┌──

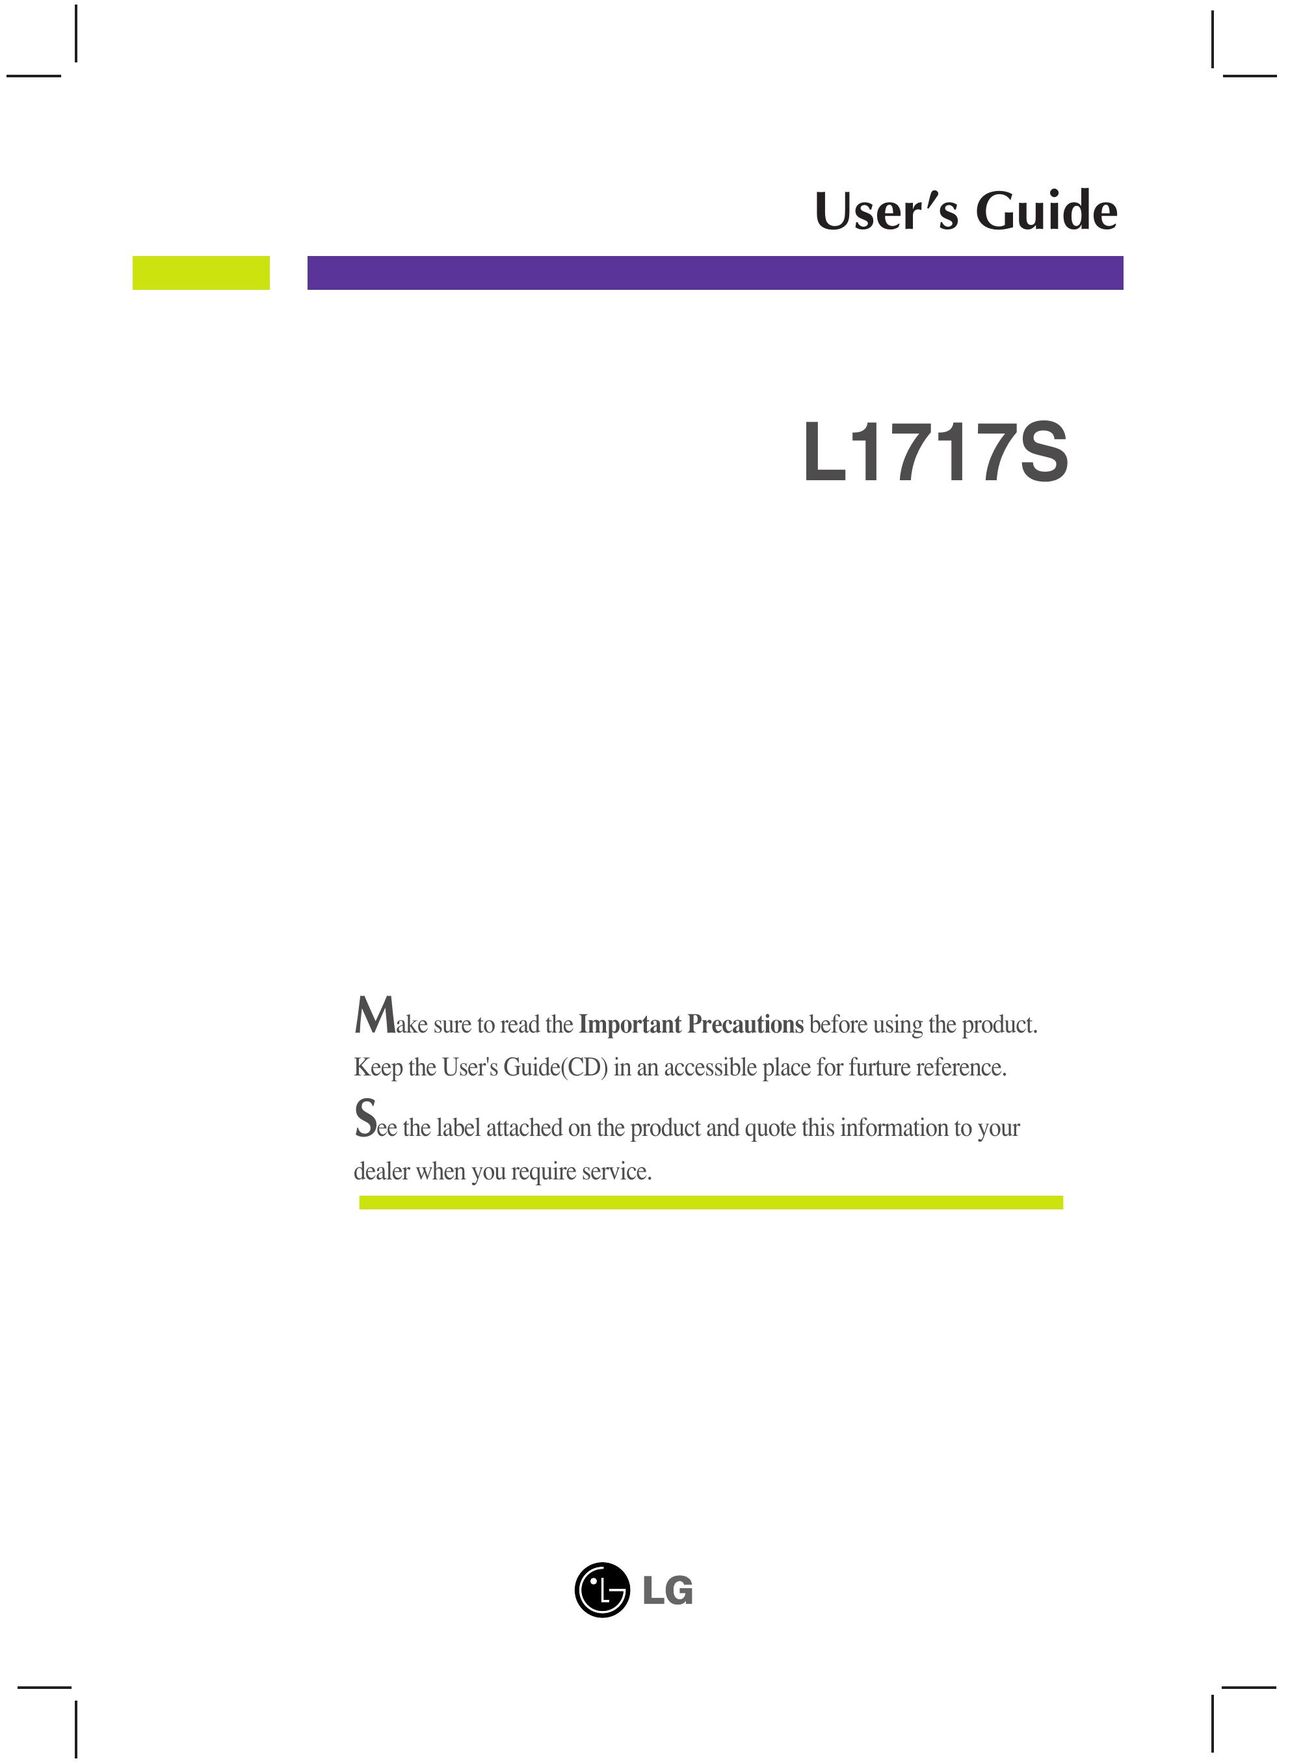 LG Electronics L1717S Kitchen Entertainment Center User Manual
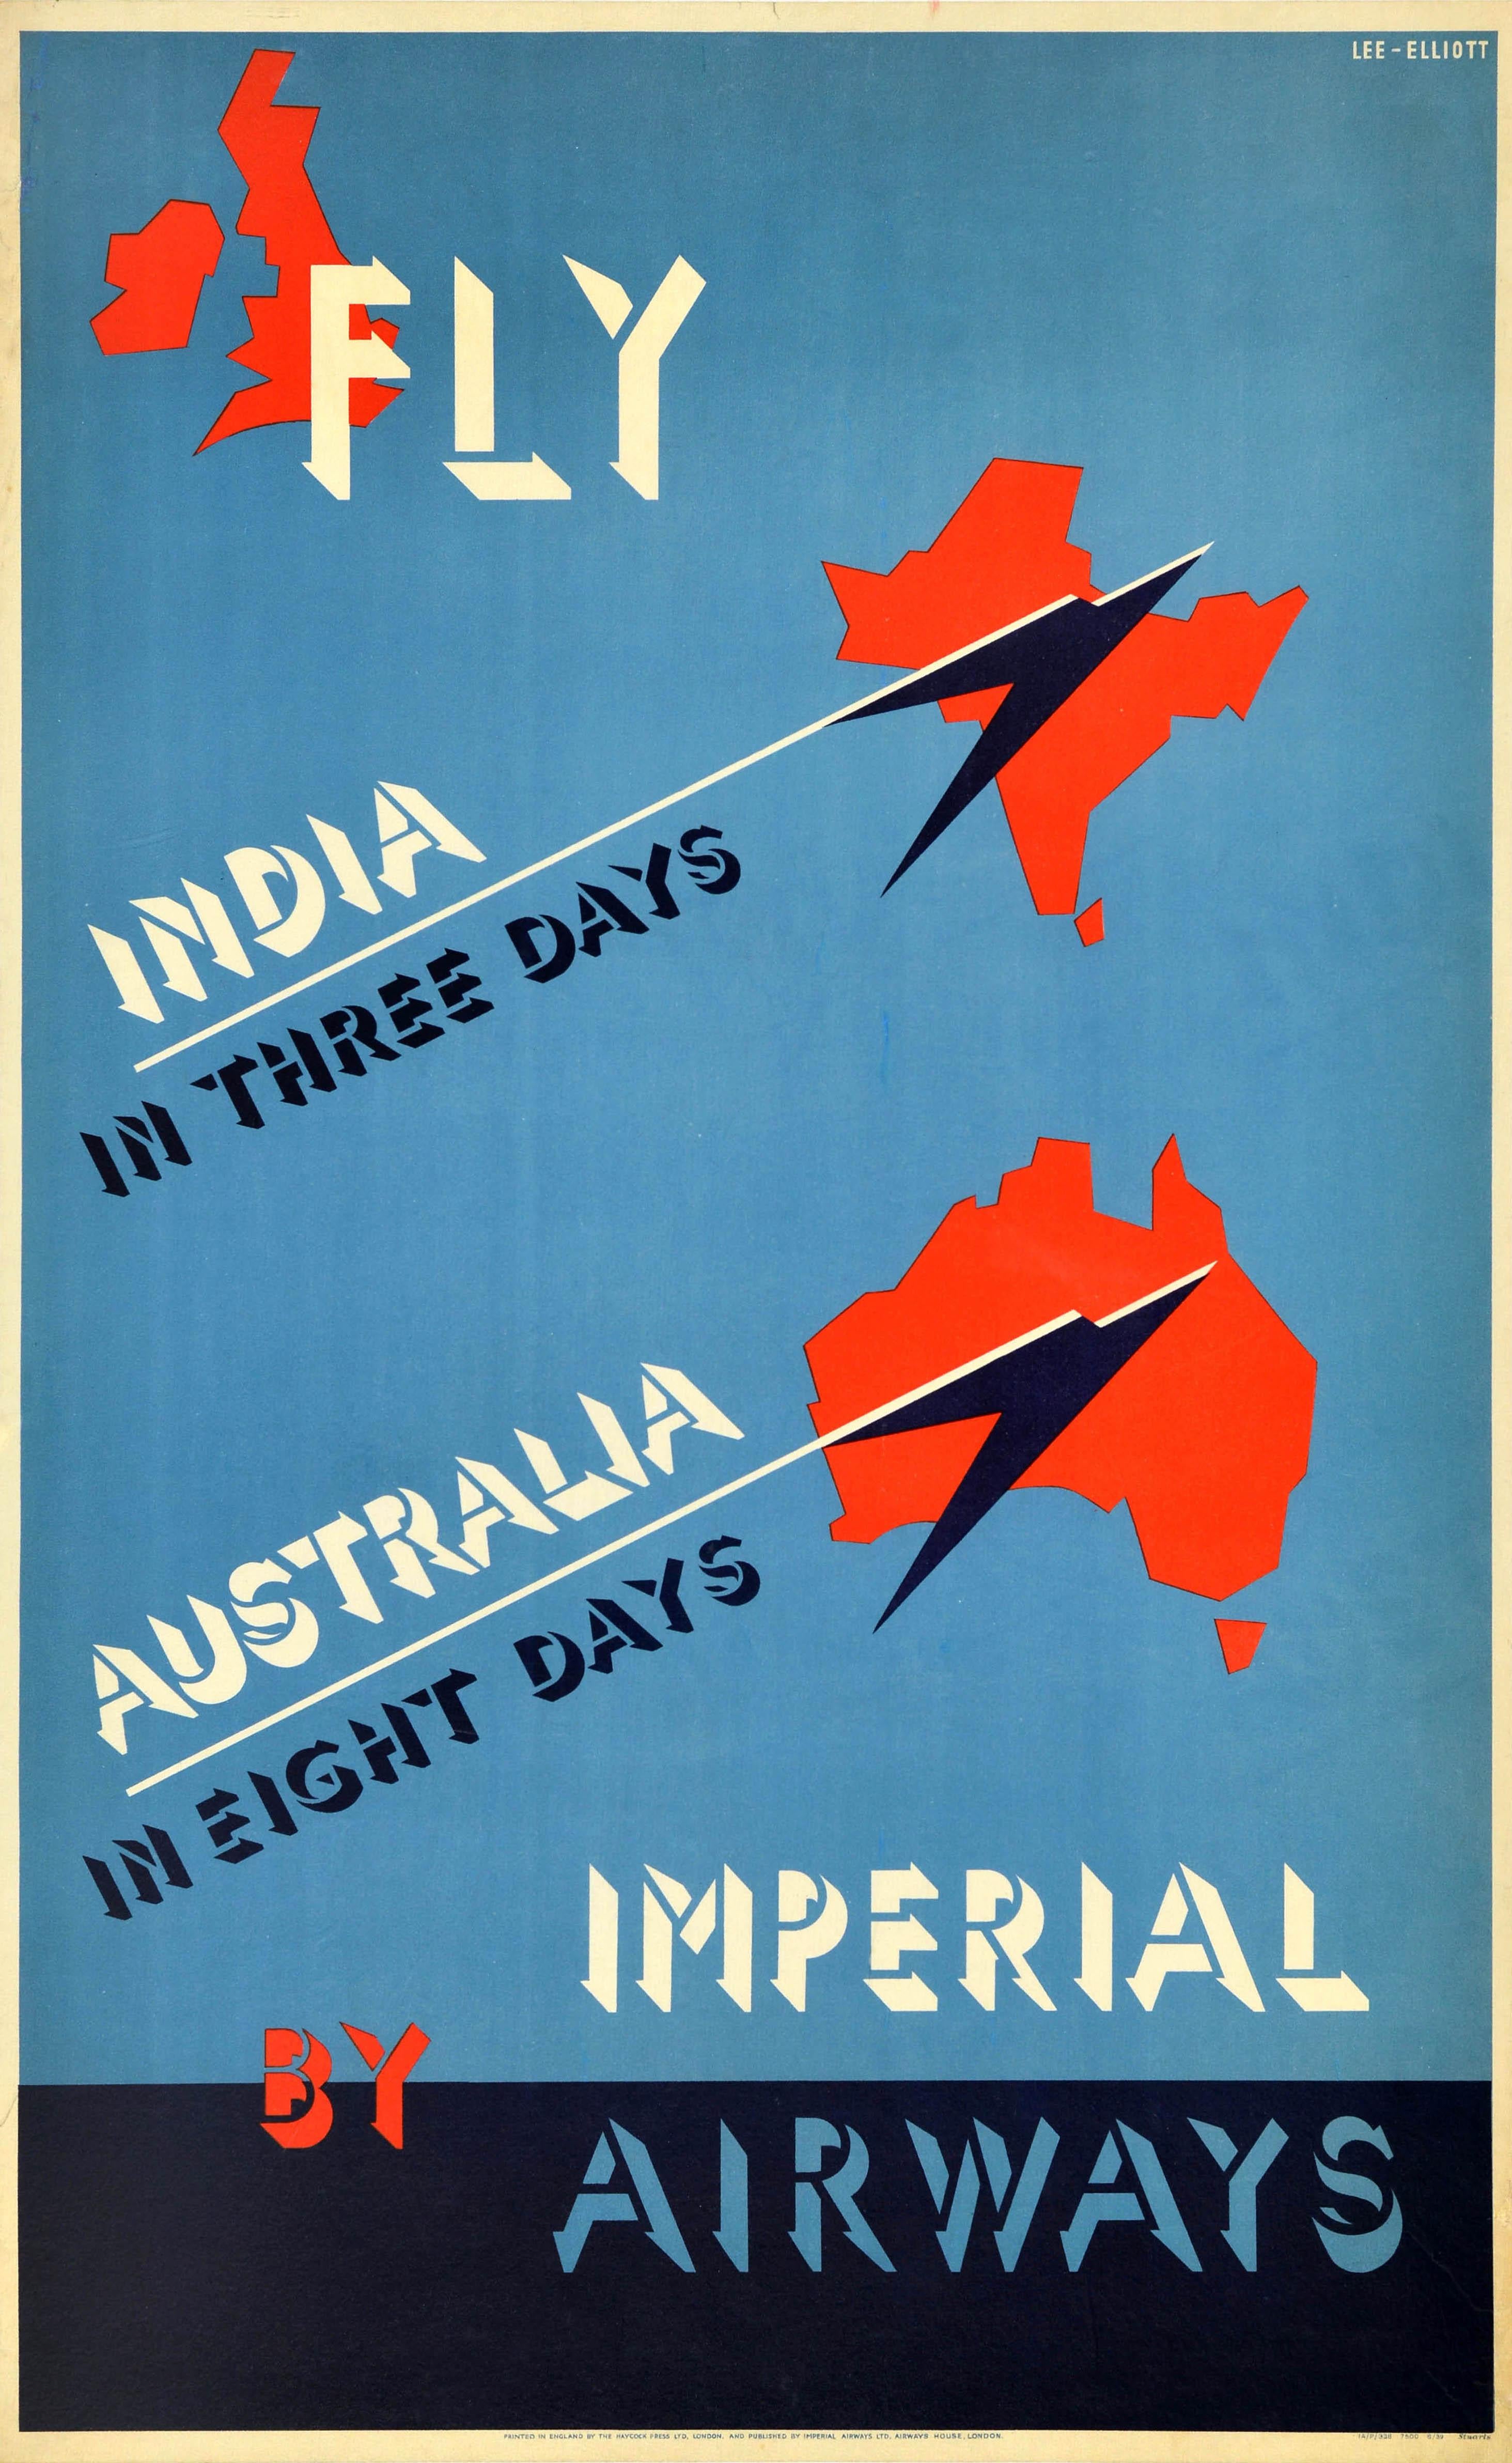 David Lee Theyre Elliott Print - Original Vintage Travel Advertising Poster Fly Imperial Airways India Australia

└──
┌──

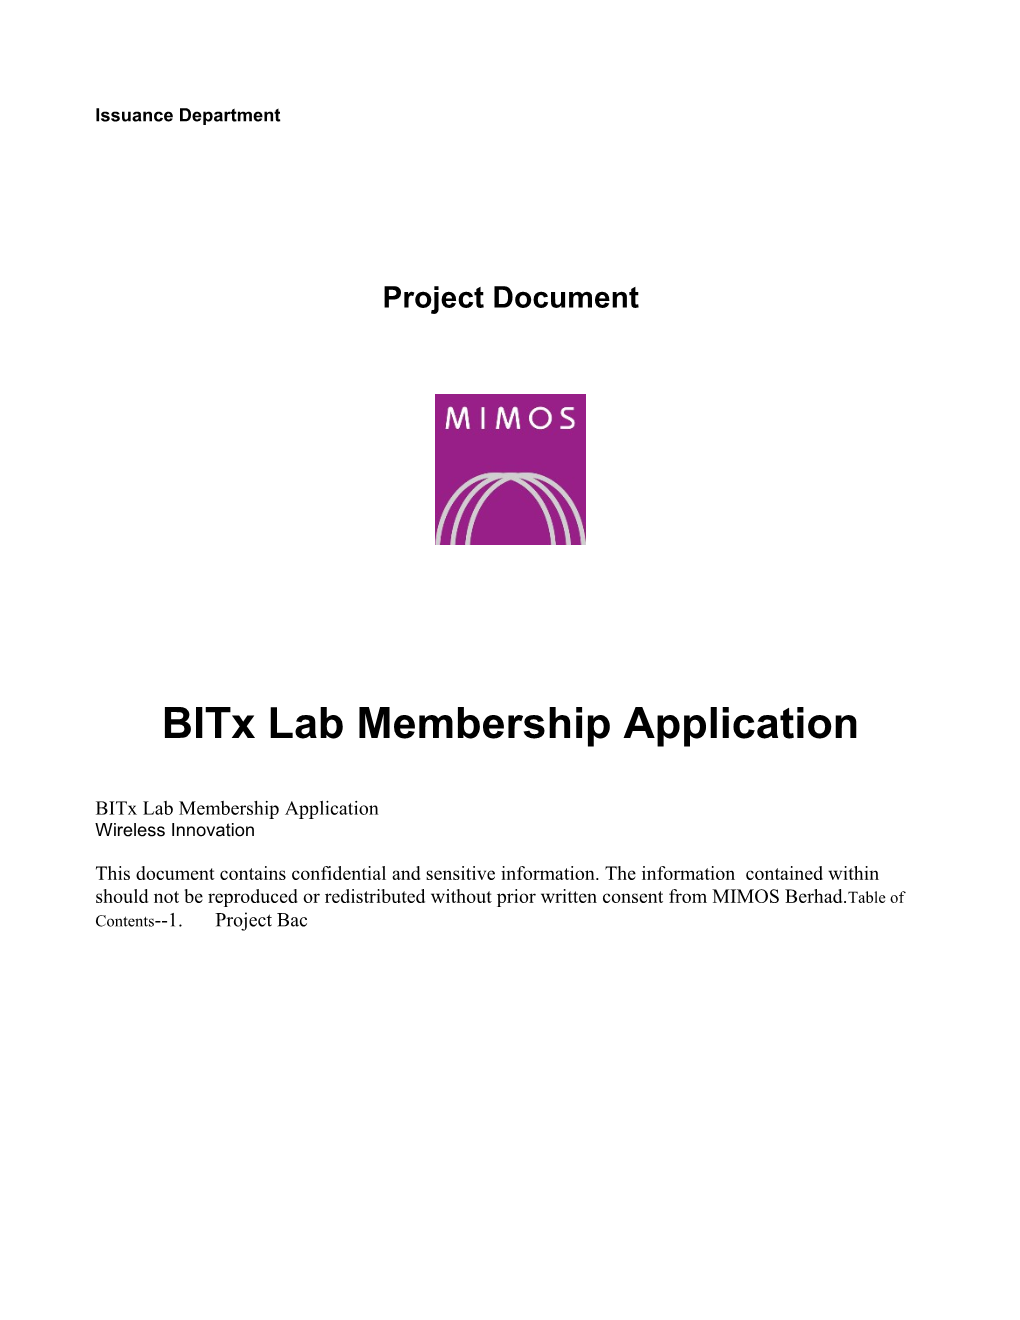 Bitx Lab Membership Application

└──

# Problem to solve:
From the records above, transcribe exactly the lines starting at the one containing "LG Electronics L1717S" and ending at the one containing "David Lee Theyre". Skip the pictures.

# Output:
 LG Electronics L1717S Kitchen Entertainment Center User Manual
 David Lee Theyre Elliott Print - Original Vintage Travel Advertising Poster Fly Imperial Airways India Australia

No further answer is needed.